# WORK TASK
Reproduce the lines below exactly, starting at the one containing "木琴がメインでほのぼのとした曲の再生済みの波形" and stopping at the final line.

Data extracted from a collection:

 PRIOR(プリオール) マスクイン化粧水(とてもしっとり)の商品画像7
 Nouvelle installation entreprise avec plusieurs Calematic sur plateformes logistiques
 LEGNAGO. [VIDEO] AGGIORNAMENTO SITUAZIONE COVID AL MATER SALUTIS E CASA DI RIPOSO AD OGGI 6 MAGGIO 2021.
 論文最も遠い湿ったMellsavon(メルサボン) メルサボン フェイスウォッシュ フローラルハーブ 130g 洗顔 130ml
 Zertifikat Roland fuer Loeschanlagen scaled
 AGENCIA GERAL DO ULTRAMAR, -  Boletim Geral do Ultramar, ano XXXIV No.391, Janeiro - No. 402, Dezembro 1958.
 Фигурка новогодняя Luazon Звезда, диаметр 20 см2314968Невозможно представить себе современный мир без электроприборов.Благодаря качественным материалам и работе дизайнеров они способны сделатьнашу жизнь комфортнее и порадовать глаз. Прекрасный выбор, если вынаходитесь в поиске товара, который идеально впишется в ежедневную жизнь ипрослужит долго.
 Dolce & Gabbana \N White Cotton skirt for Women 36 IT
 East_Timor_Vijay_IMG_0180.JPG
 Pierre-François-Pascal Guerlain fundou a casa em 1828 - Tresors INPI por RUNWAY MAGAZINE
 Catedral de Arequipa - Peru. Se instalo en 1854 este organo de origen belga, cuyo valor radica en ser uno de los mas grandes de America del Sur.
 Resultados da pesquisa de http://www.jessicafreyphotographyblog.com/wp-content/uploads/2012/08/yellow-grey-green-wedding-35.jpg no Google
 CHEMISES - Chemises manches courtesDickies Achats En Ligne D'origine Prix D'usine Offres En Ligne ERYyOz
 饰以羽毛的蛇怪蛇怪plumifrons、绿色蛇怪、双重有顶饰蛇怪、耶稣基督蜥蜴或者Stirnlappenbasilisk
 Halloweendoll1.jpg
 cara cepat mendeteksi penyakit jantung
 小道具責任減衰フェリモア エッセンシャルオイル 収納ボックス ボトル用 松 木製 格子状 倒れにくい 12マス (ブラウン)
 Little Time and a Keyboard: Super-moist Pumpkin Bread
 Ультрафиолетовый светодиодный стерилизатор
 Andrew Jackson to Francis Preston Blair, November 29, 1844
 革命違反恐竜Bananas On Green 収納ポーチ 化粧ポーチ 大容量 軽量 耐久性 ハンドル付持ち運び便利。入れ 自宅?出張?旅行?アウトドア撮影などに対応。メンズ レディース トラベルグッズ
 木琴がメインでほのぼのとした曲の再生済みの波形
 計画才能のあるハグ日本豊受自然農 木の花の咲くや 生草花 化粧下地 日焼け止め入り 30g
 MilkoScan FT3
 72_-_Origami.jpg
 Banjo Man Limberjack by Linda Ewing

# ANSWER TO THIS PROBLEM
 木琴がメインでほのぼのとした曲の再生済みの波形
 計画才能のあるハグ日本豊受自然農 木の花の咲くや 生草花 化粧下地 日焼け止め入り 30g
 MilkoScan FT3
 72_-_Origami.jpg
 Banjo Man Limberjack by Linda Ewing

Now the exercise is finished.